Information supplied.
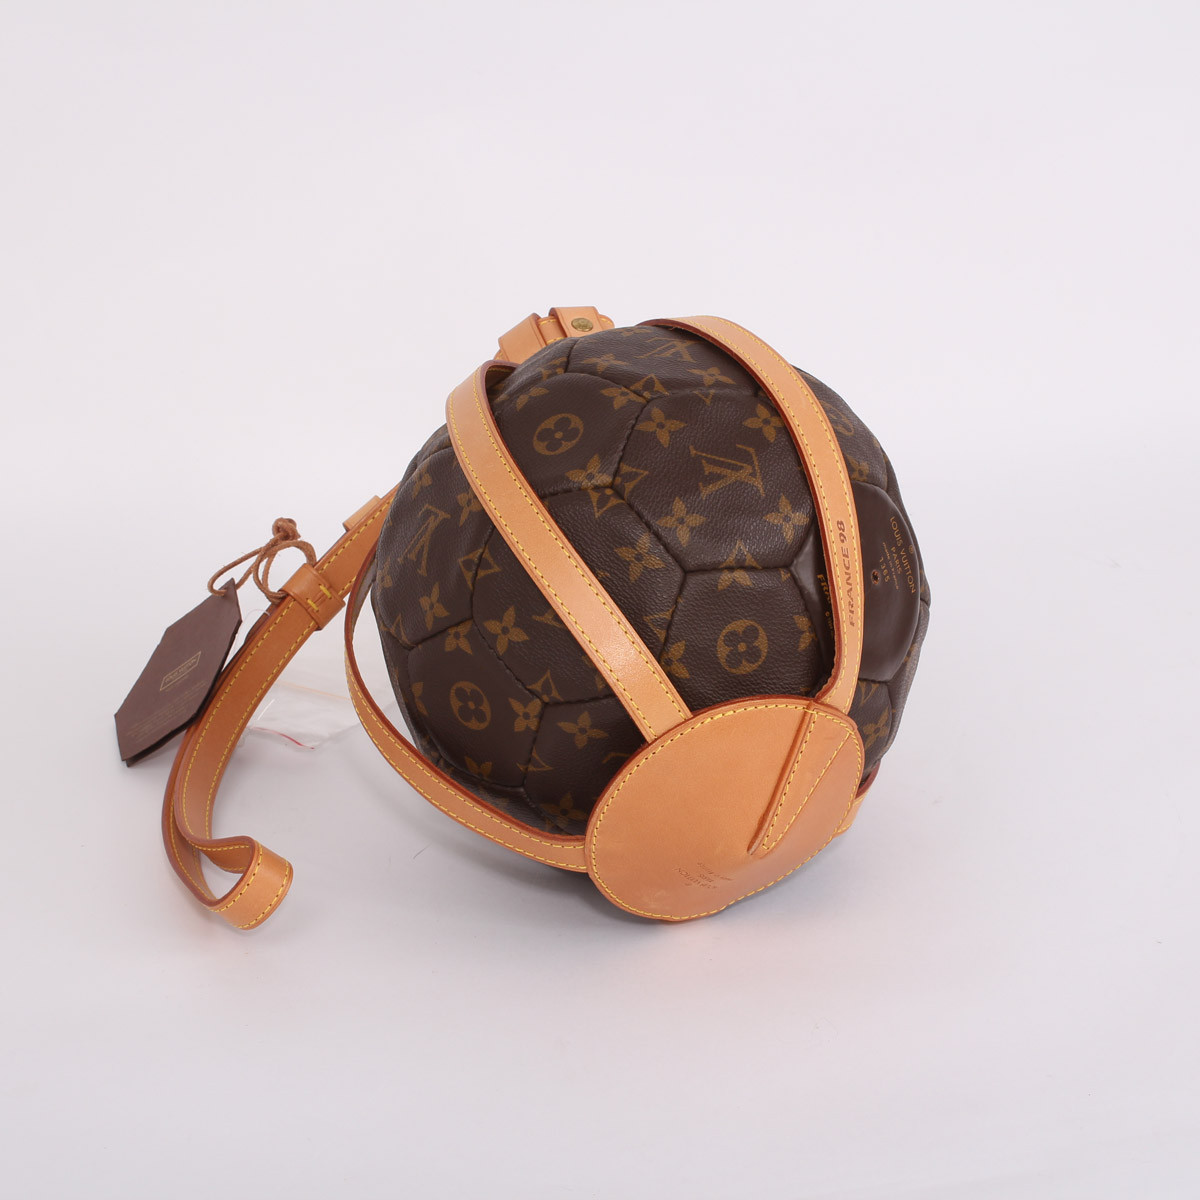 A limited edition monogrammed soccer ball with leather holder made by Louis  Vuitton for the World Cup in France in 1998 Together with a copy of  Rebonds a limited edition Louis Vuitton
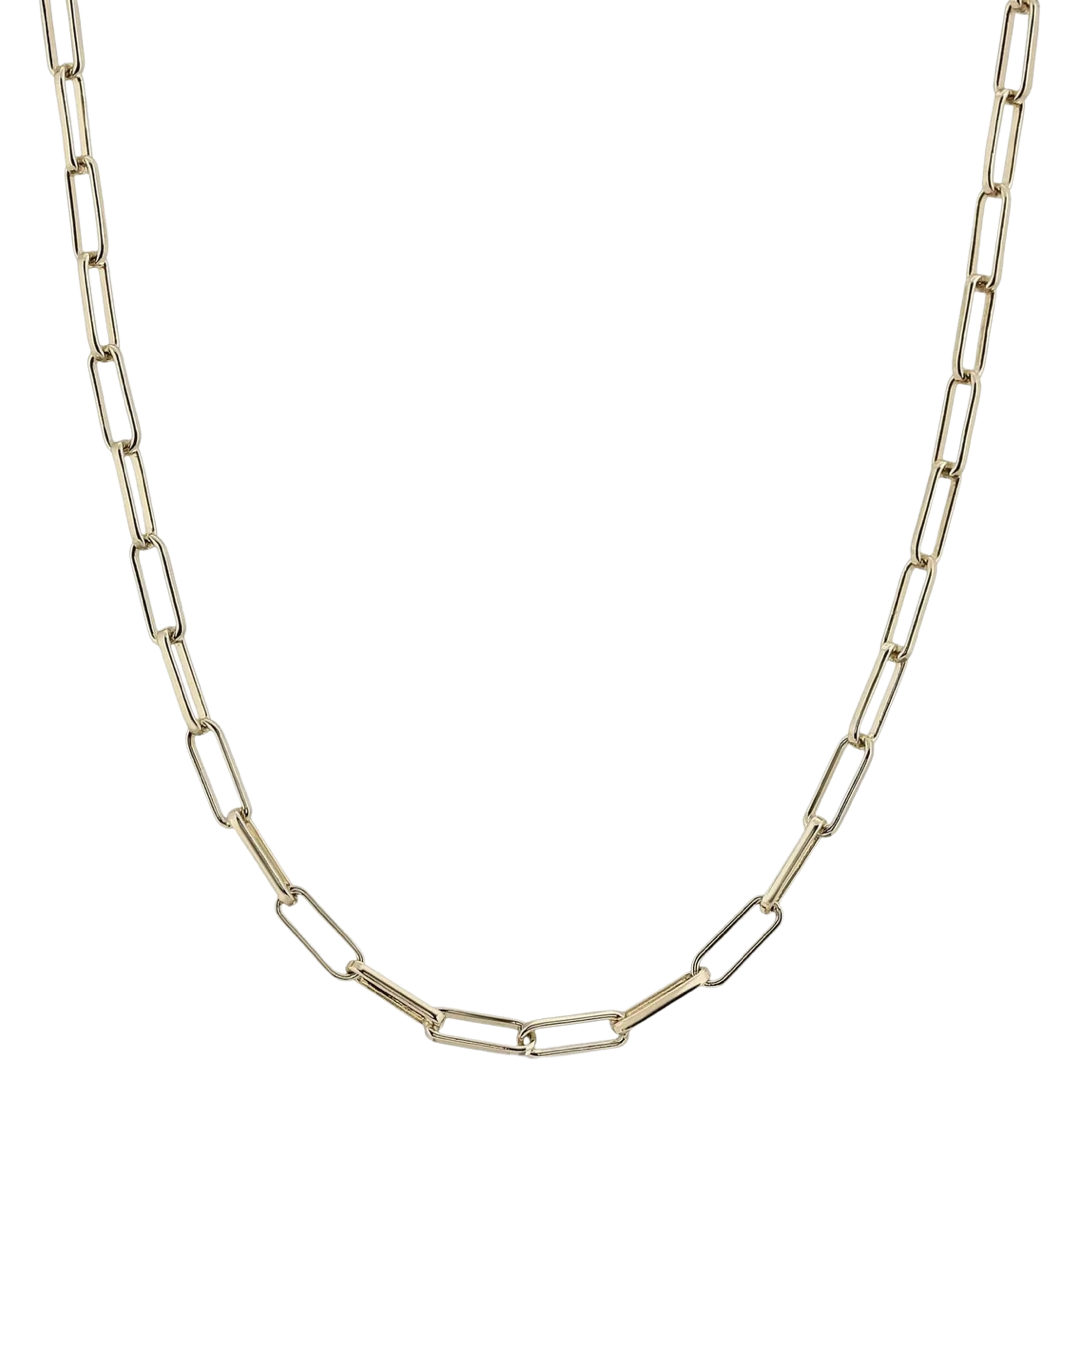 Elongated Link Chain in Gold 30"
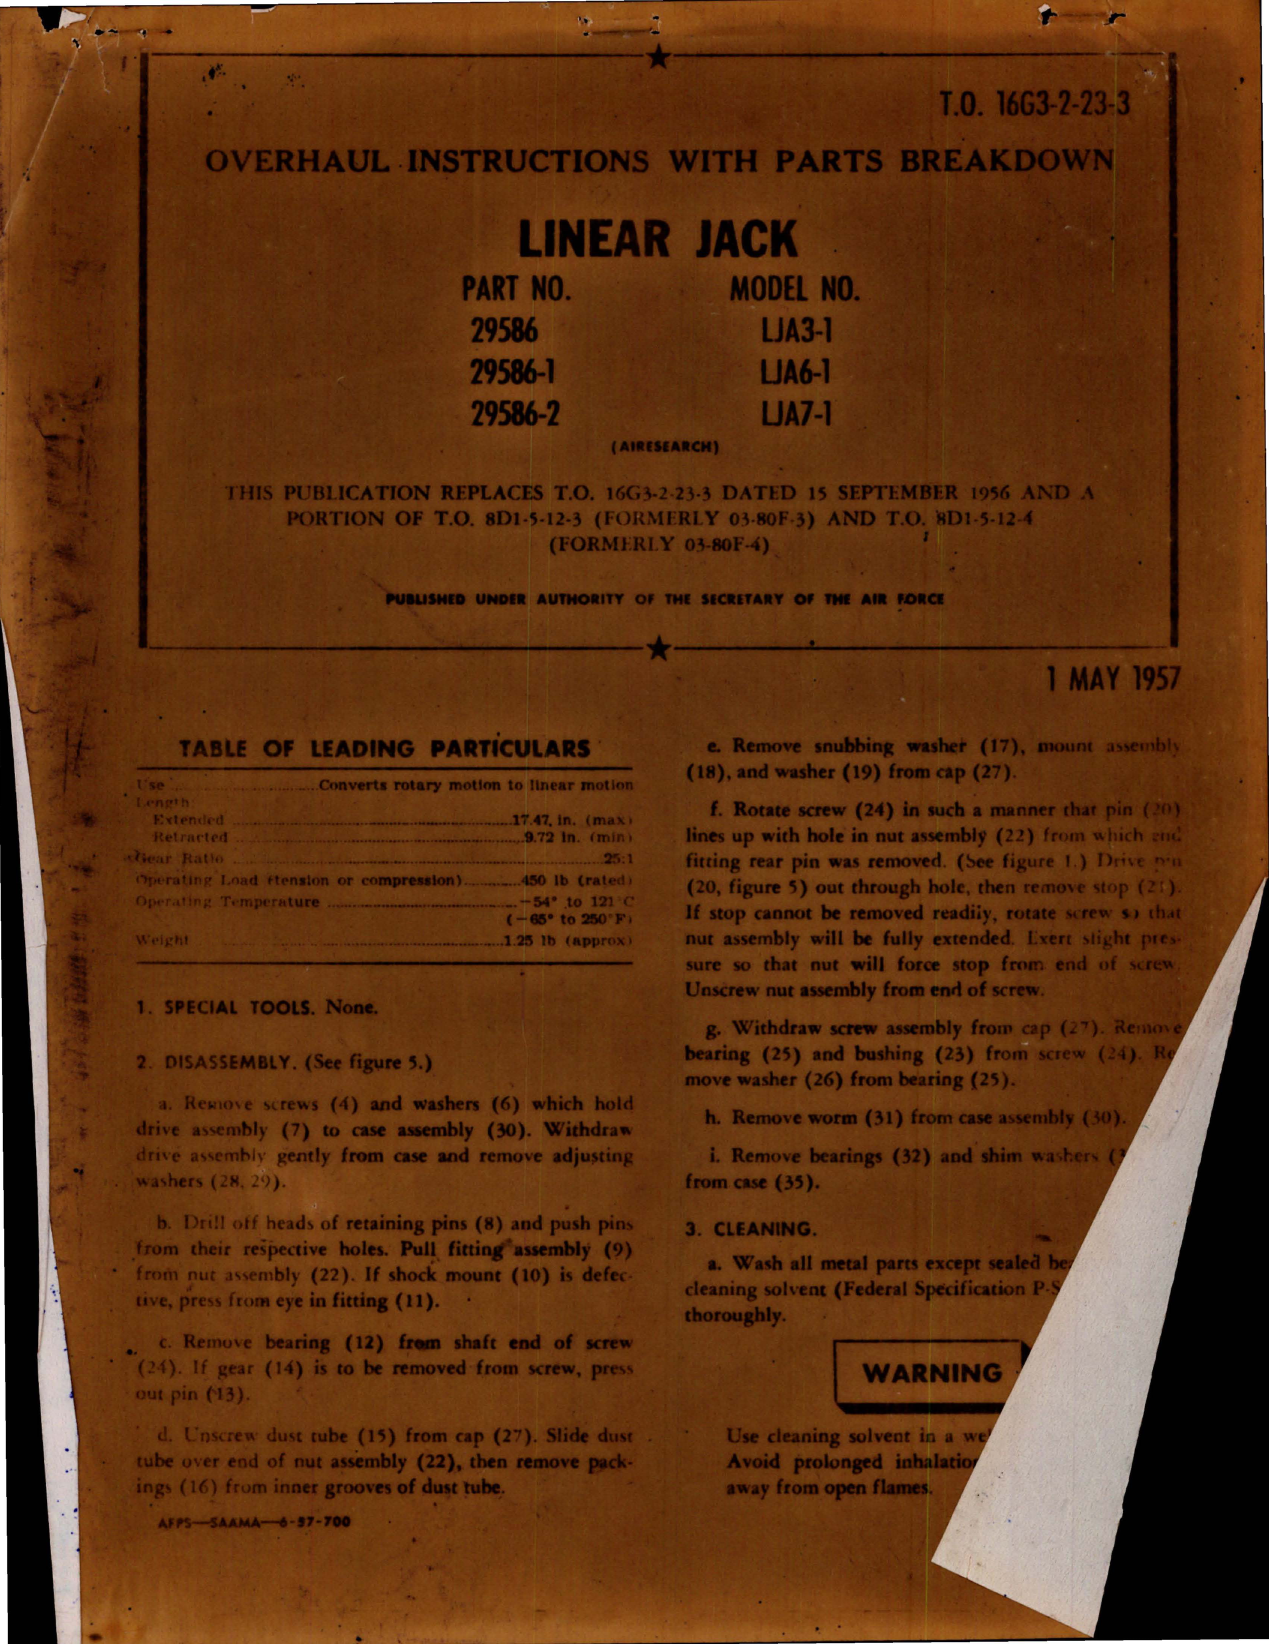 Sample page 1 from AirCorps Library document: Overhaul Instructions with Parts for Linear Jack Parts 29586, 29586-1 and 29586-2

Assignment. What belongs in the answer is each line above, reproduced exactly, and no picture.

Exercise result.
 A limited edition monogrammed soccer ball with leather holder made by Louis  Vuitton for the World Cup in France in 1998 Together with a copy of  Rebonds a limited edition Louis Vuitton
 Elongated Link Chain in Gold 30"
 Sample page 1 from AirCorps Library document: Overhaul Instructions with Parts for Linear Jack Parts 29586, 29586-1 and 29586-2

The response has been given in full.